[INFORMATION PROVIDED]
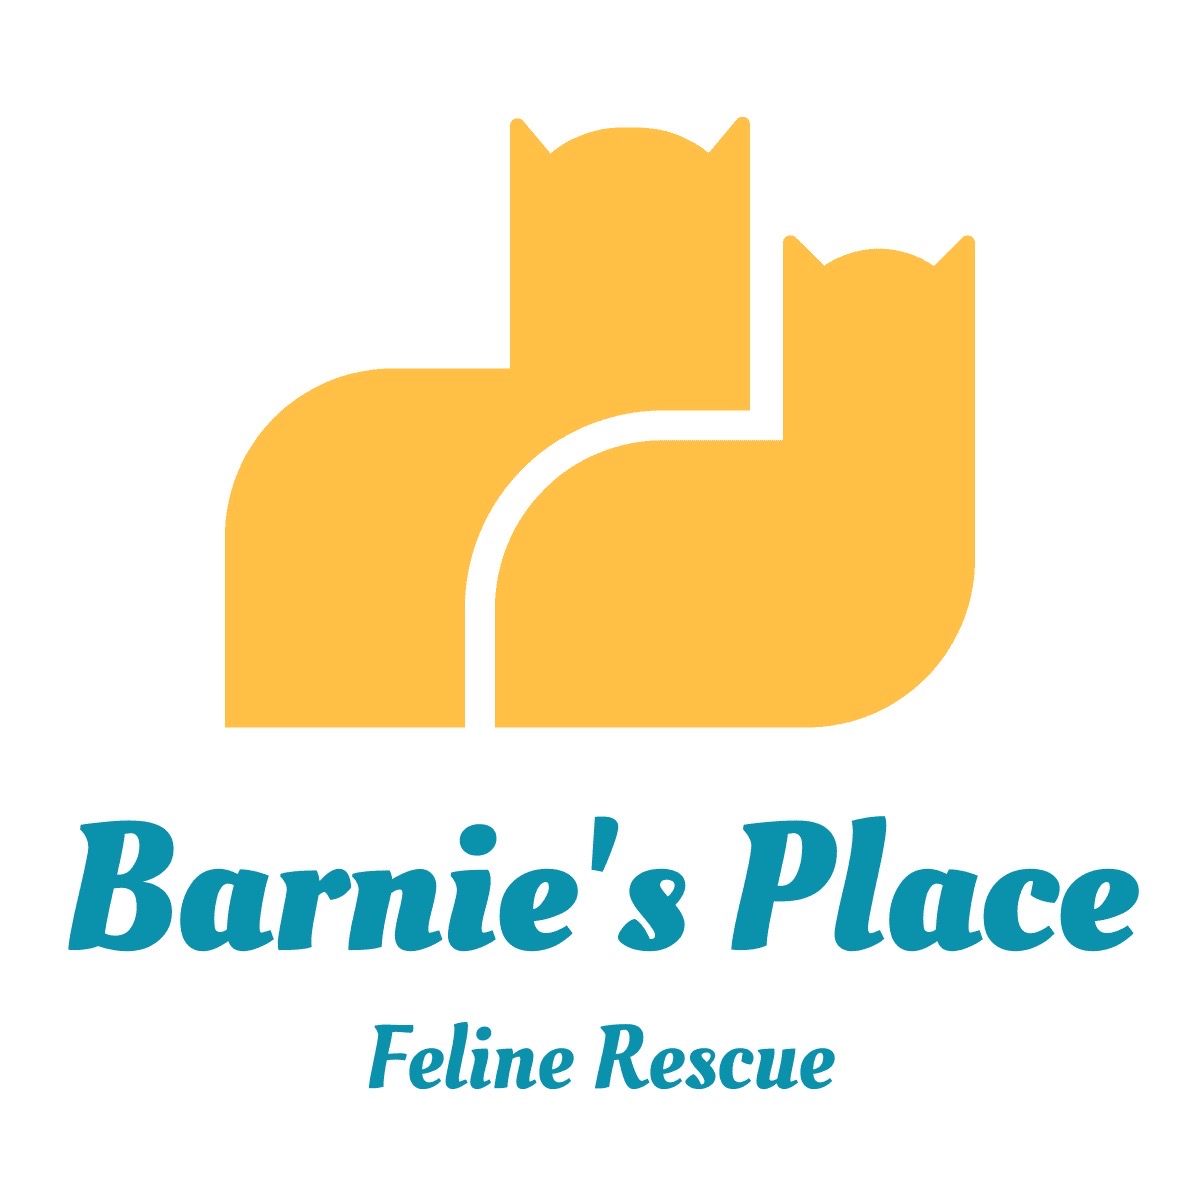 Barnie's Place Feline Rescue
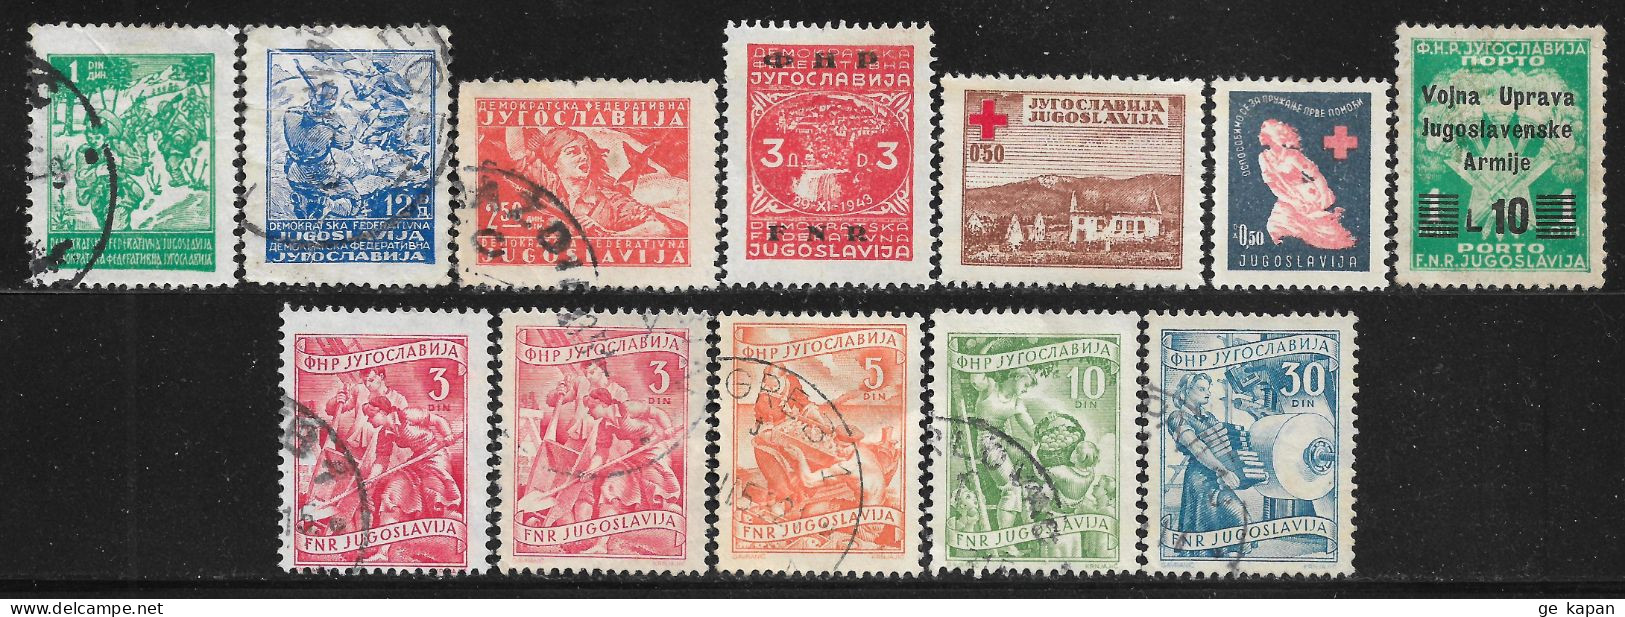 1945-1952 YUGOSLAVIA Set Of 8 Used + 4 MLH Stamps (Scott # 174,182,211,277,RA5,RA6,J23,308,345,346,350) CV $3.00 - Gebraucht
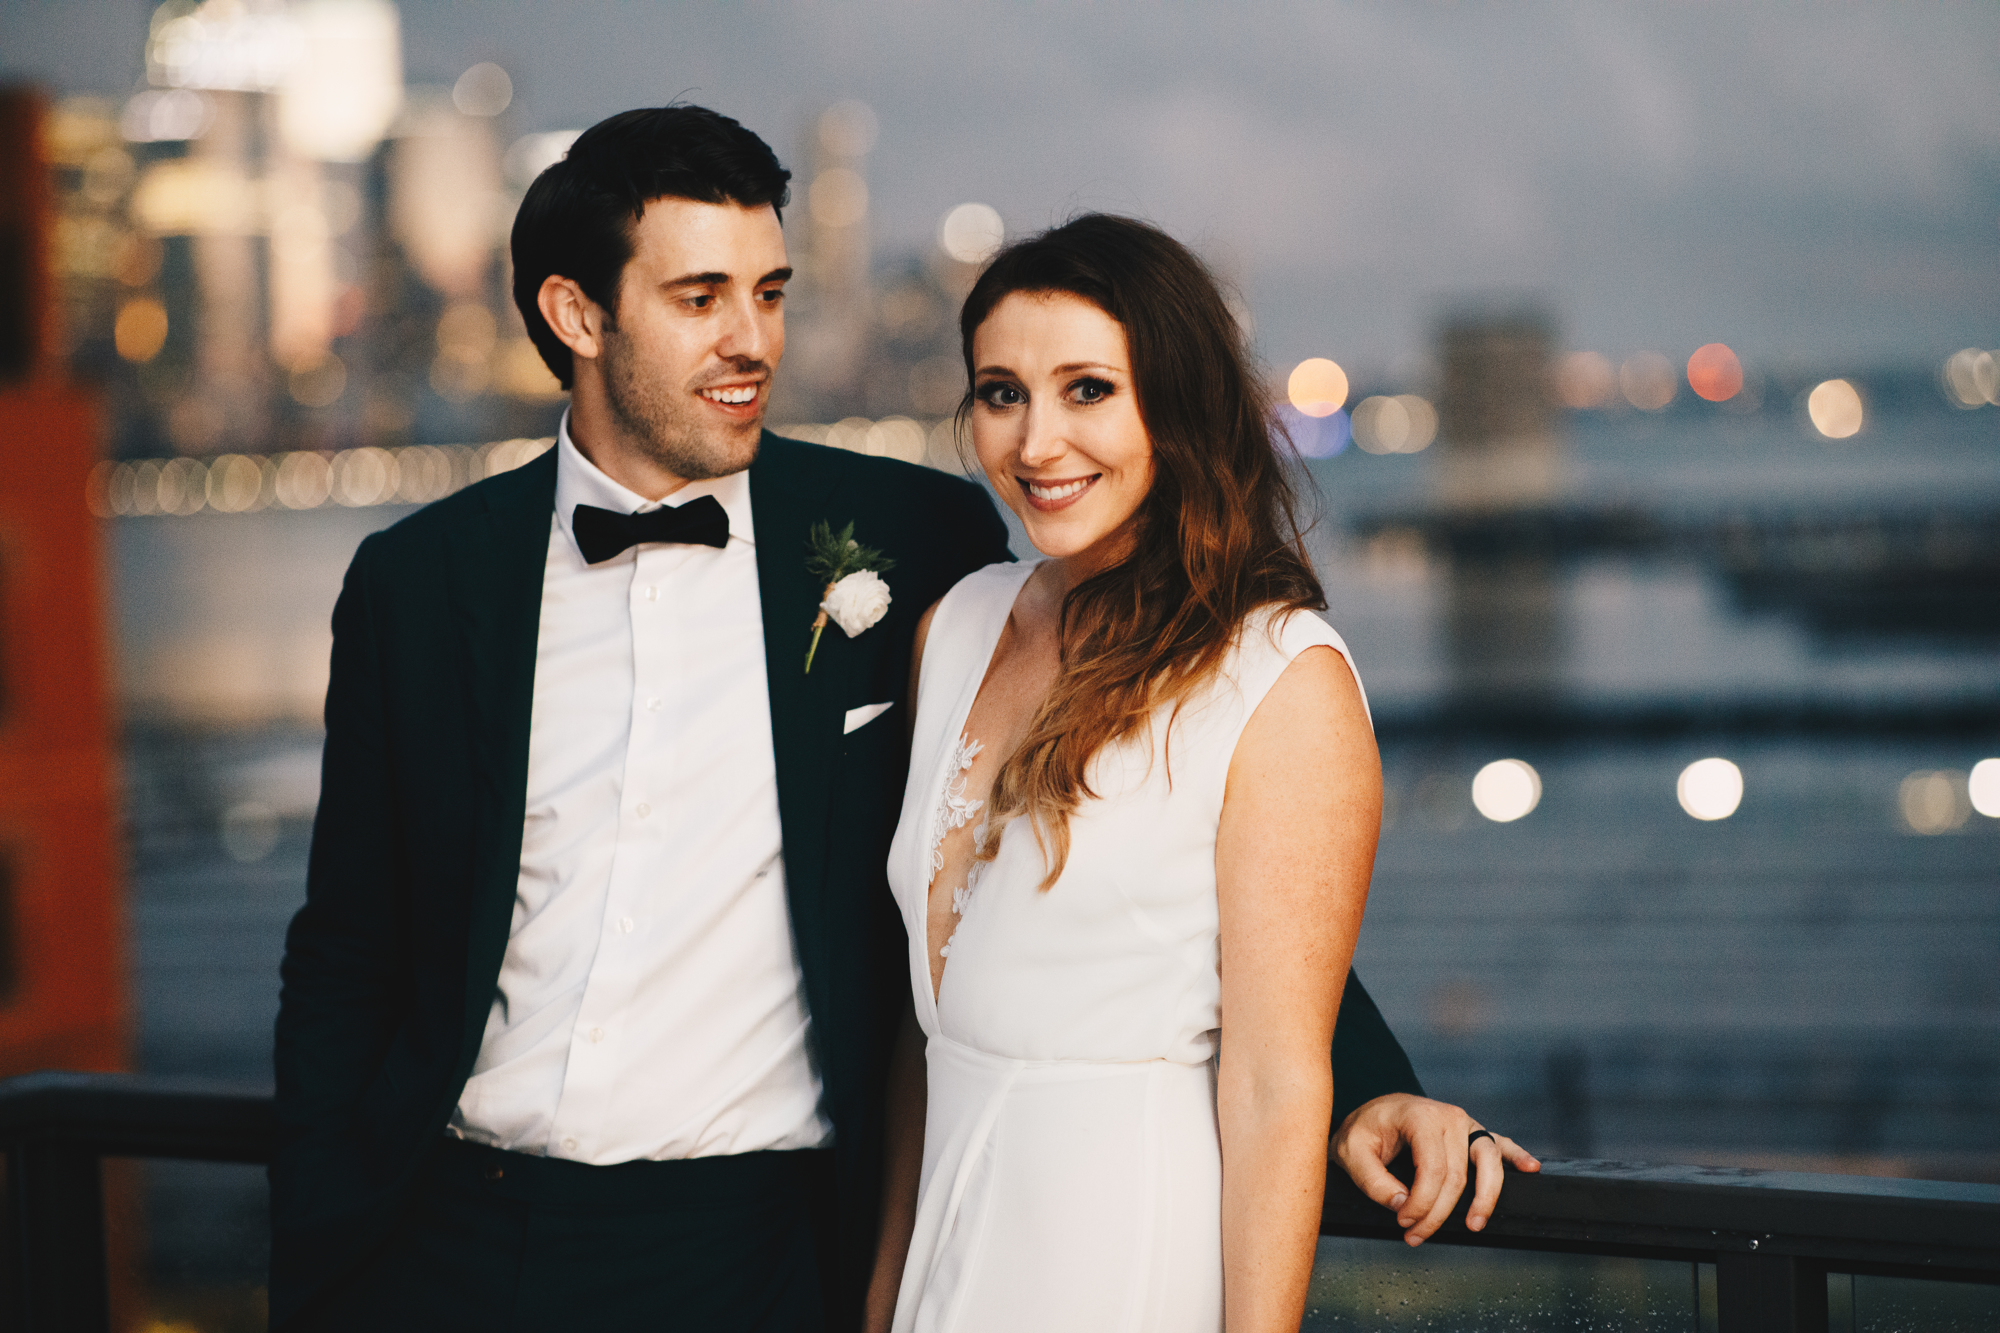 Award winning wedding photographers in New York City

[PROBLEM STATEMENT]
Going from the line holding "1945-1952 YUGOSLAVIA Set" to the last line of the data above, reproduce every line exactly, both included, with the pictures omitted.

[RESULT OF THIS TASK]
 1945-1952 YUGOSLAVIA Set Of 8 Used + 4 MLH Stamps (Scott # 174,182,211,277,RA5,RA6,J23,308,345,346,350) CV $3.00 - Gebraucht
 Award winning wedding photographers in New York City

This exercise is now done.